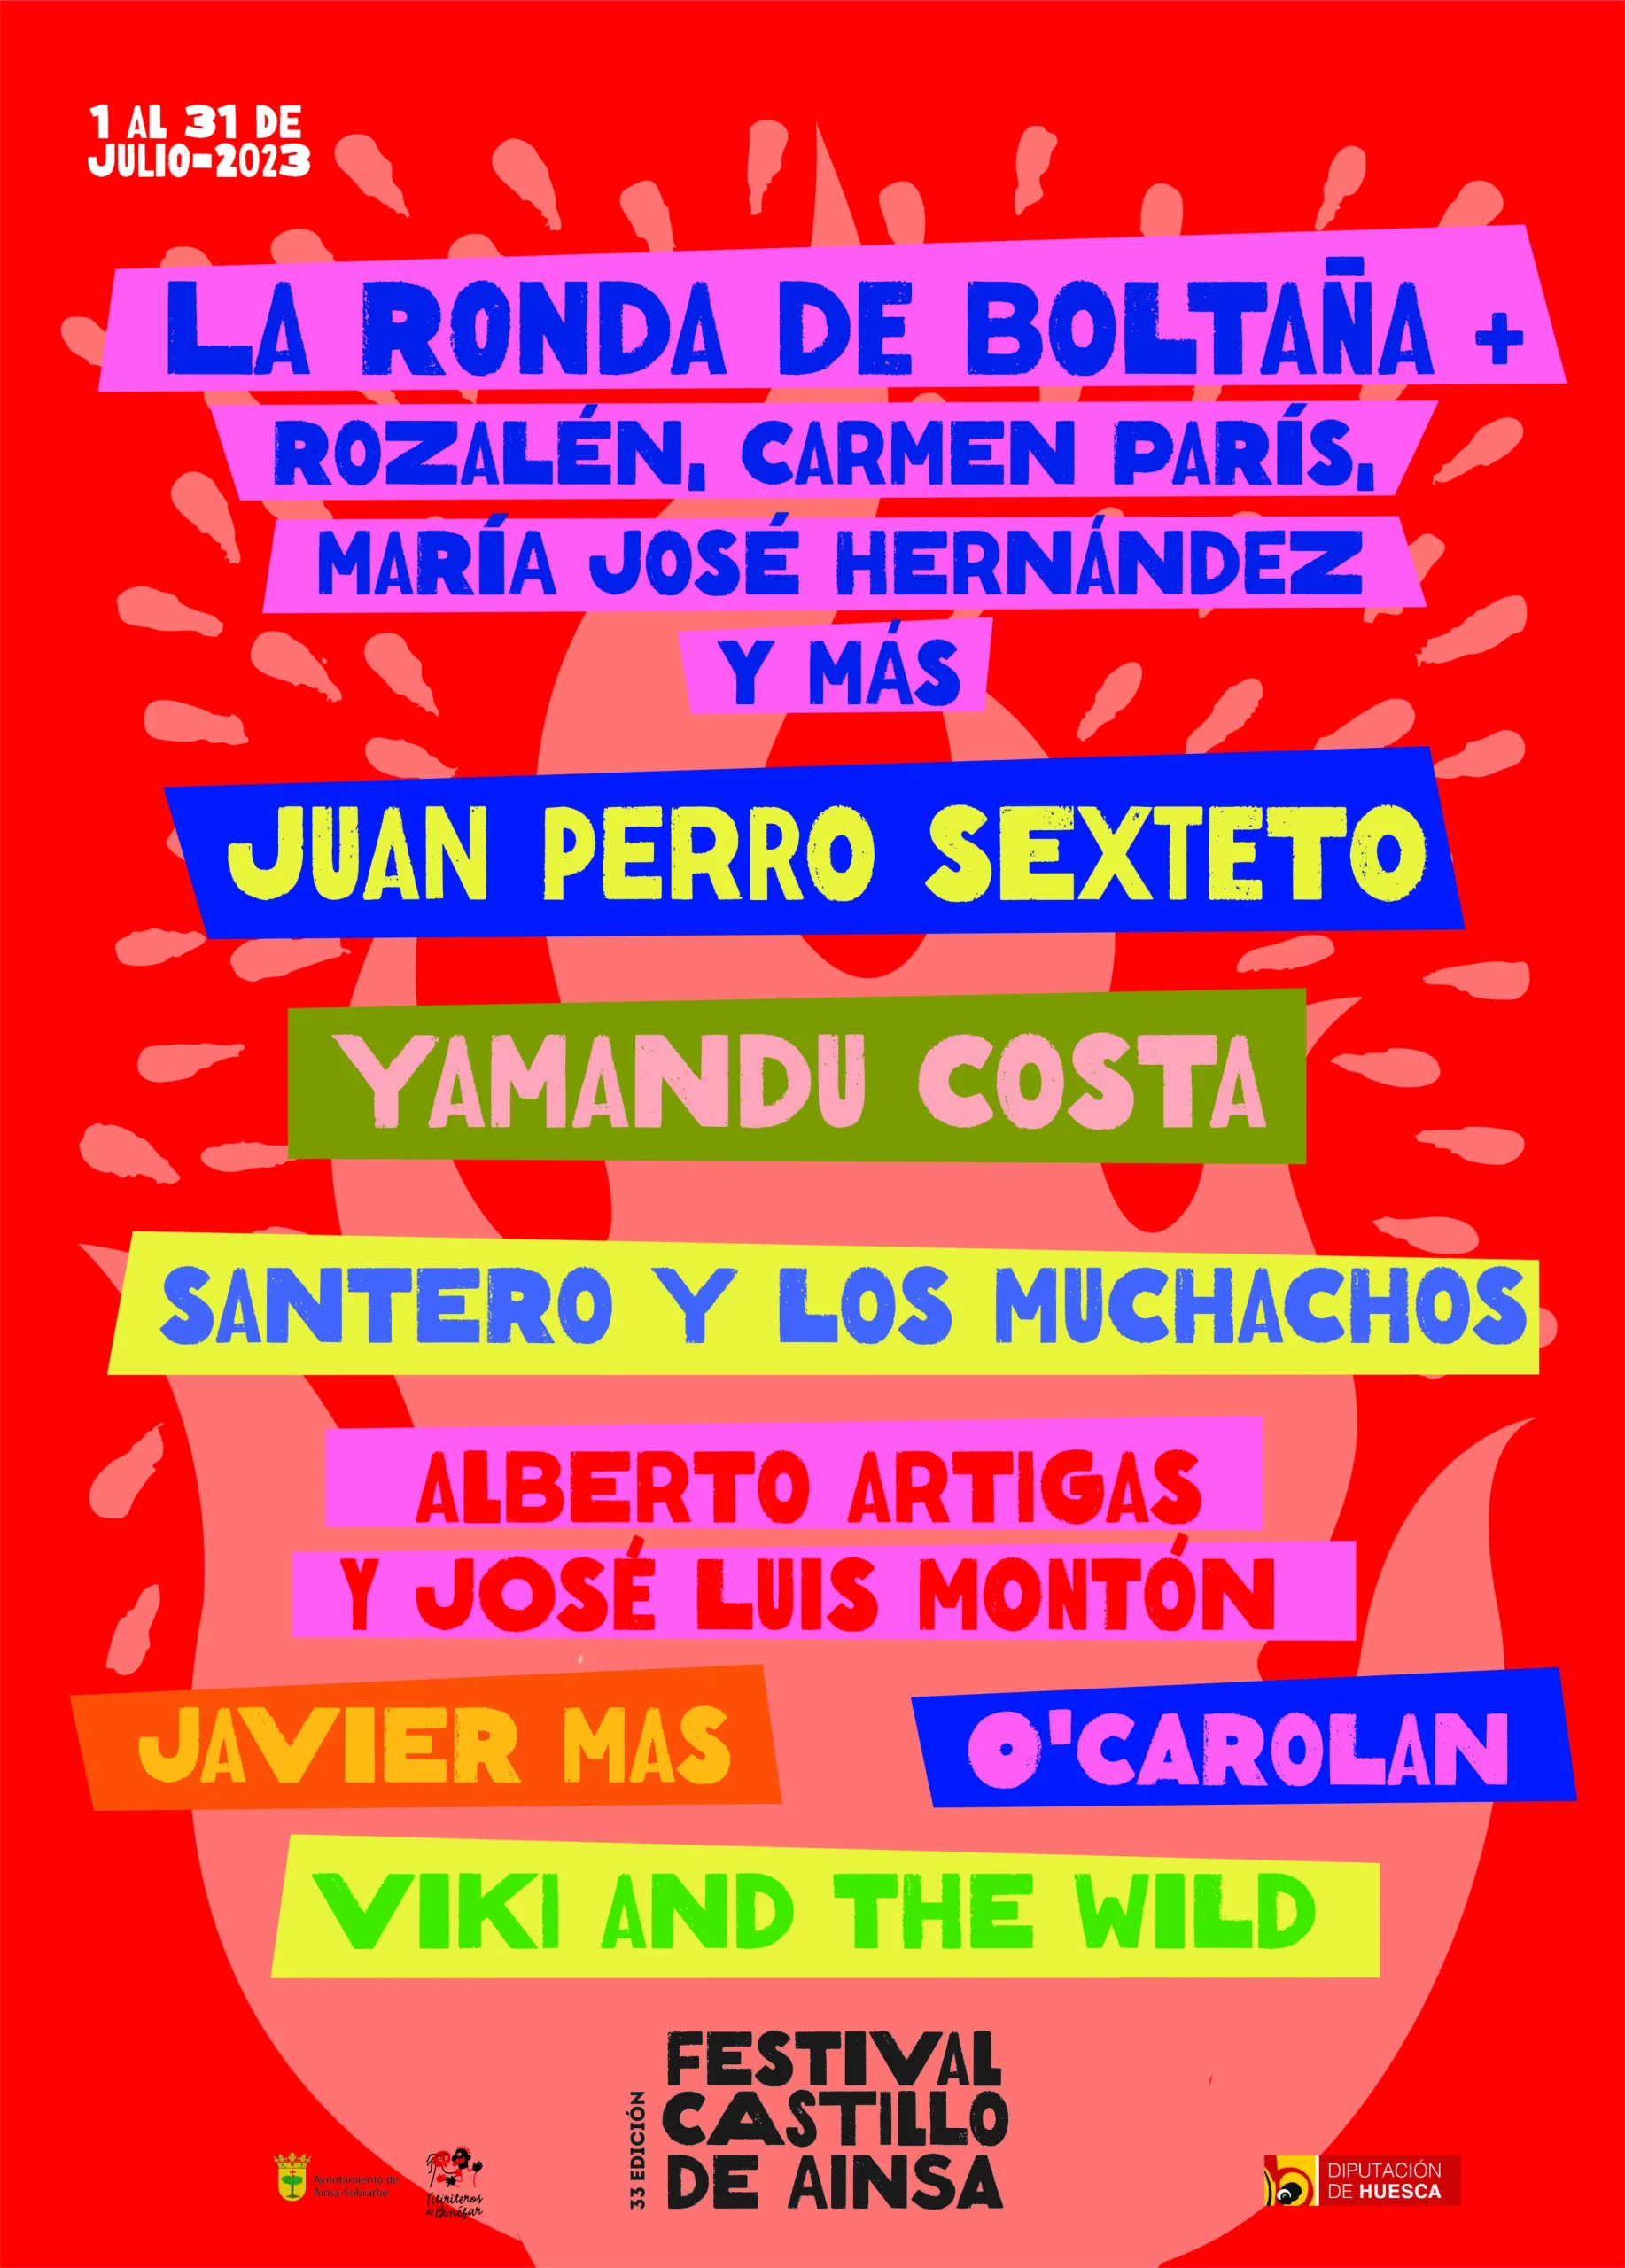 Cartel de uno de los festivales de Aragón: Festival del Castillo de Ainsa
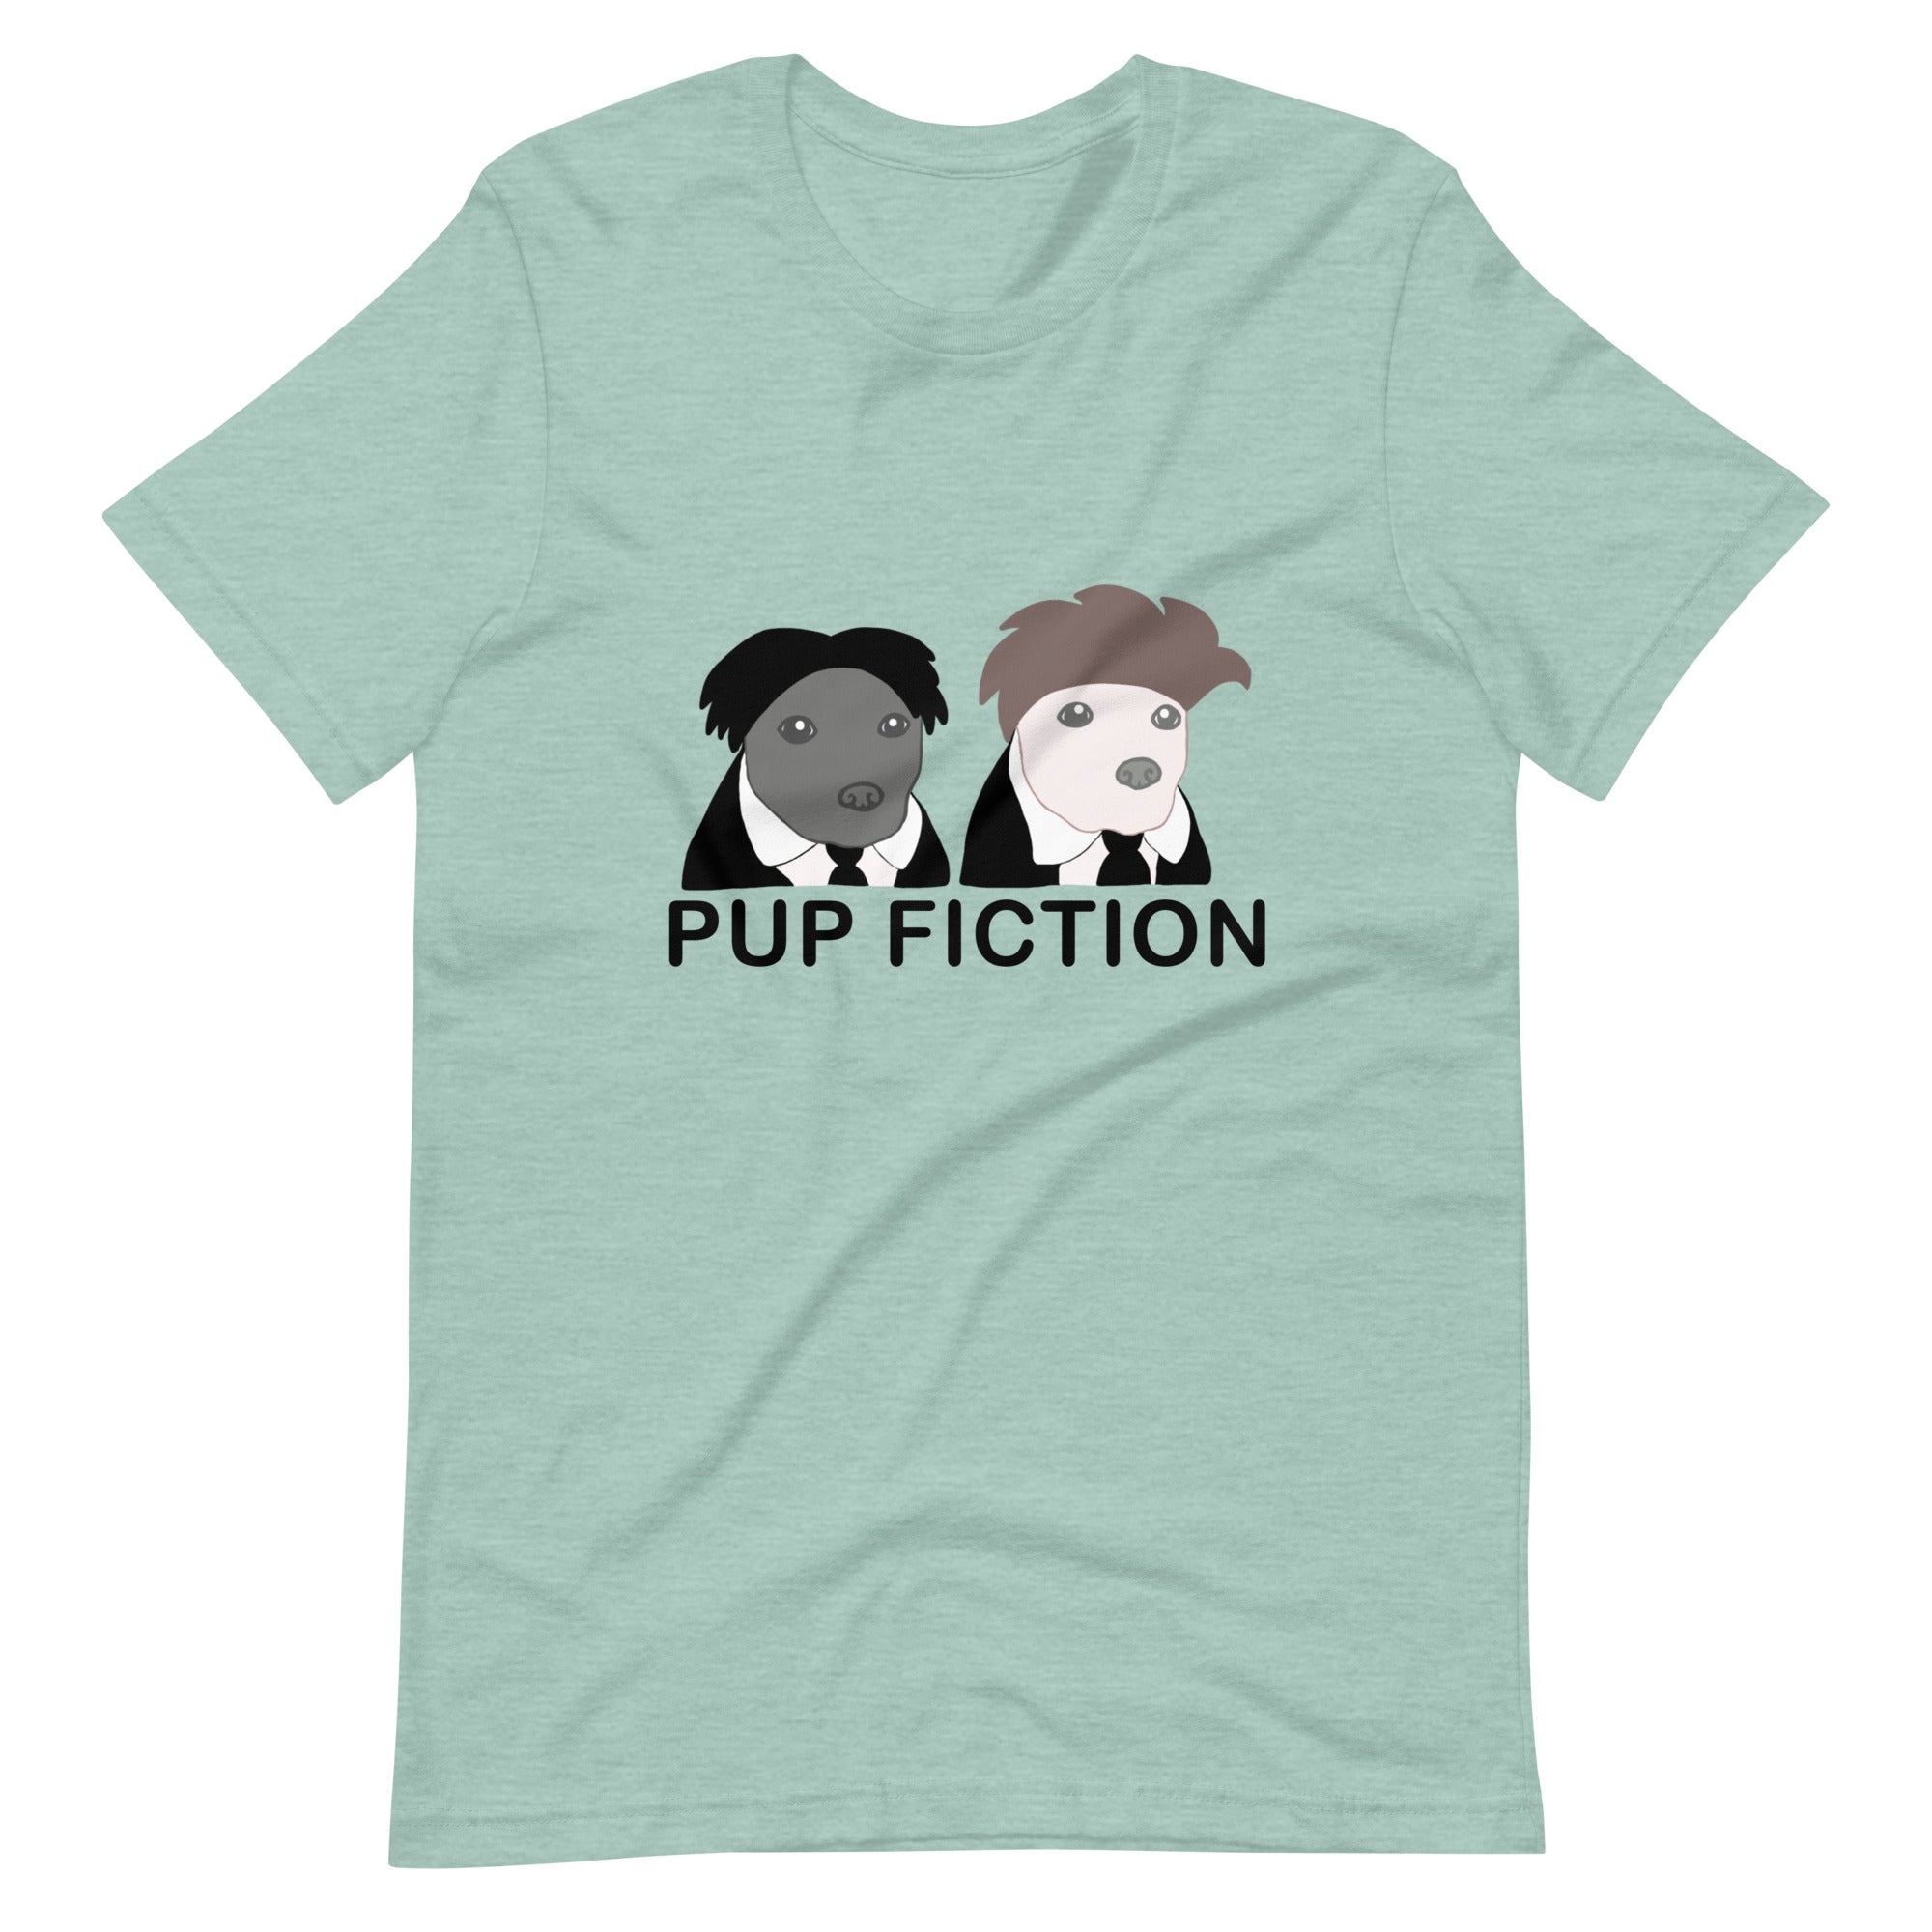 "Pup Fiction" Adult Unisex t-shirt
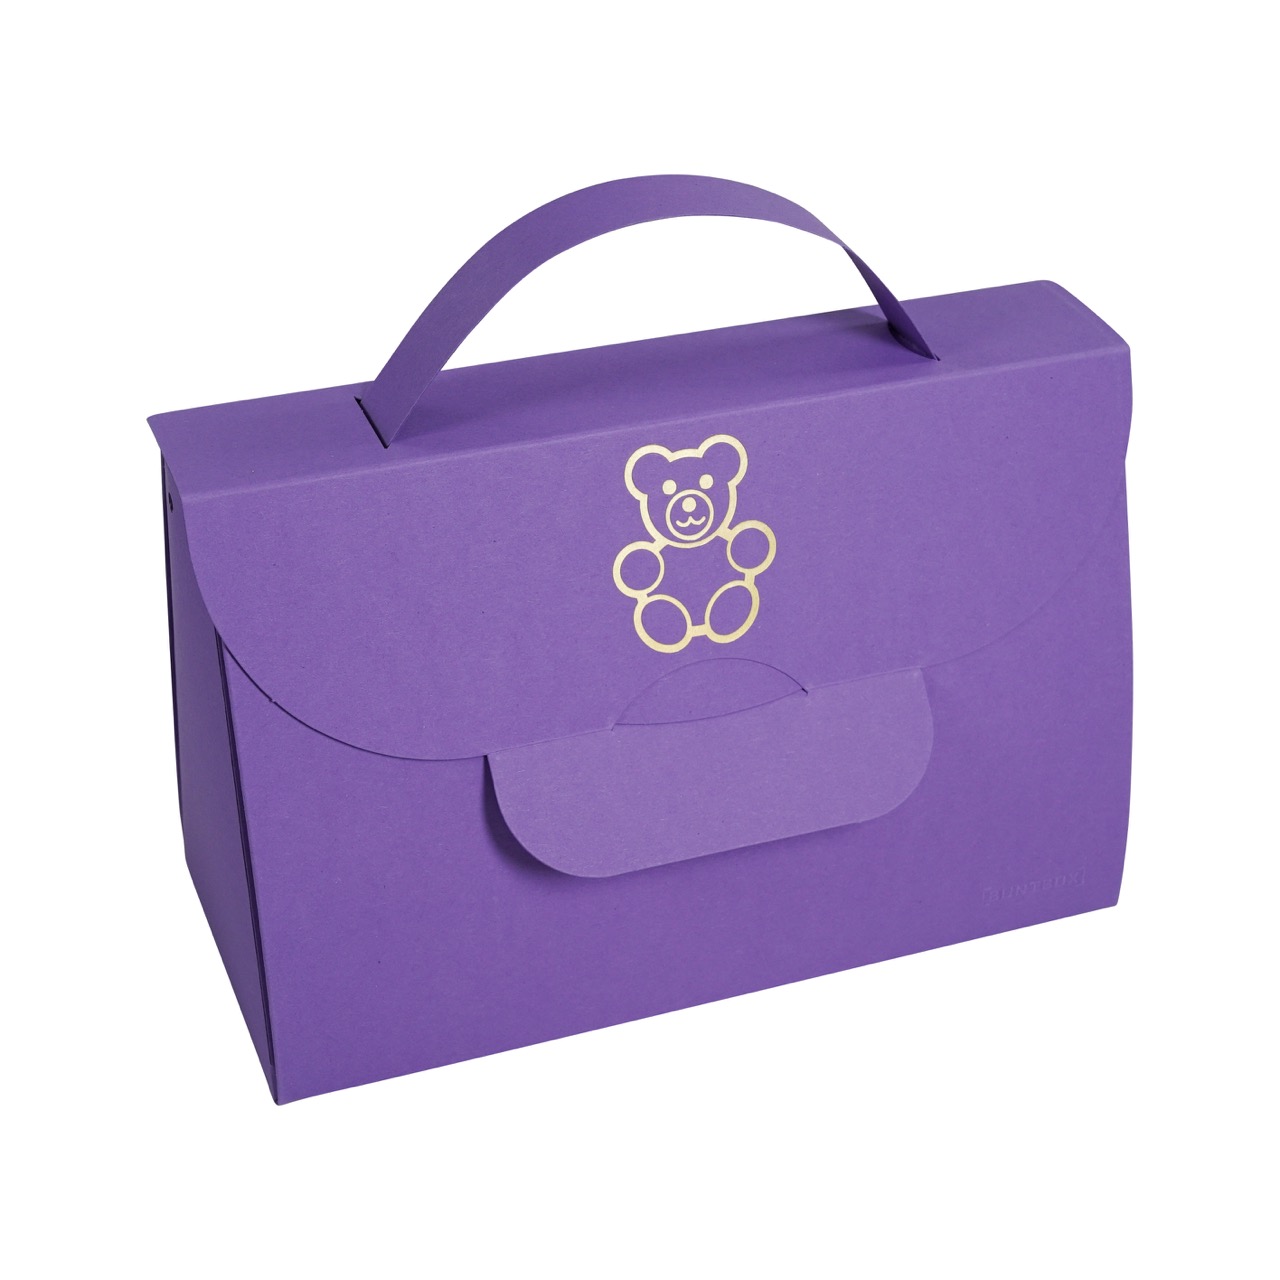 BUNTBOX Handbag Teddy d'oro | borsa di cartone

#### [TASK OBJECTIVE]
Print the material again word for word. Please drop every picture.

#### [YOUR RESPONSE]
 Cartel de uno de los festivales de Aragón: Festival del Castillo de Ainsa
 "Pup Fiction" Adult Unisex t-shirt
 BUNTBOX Handbag Teddy d'oro | borsa di cartone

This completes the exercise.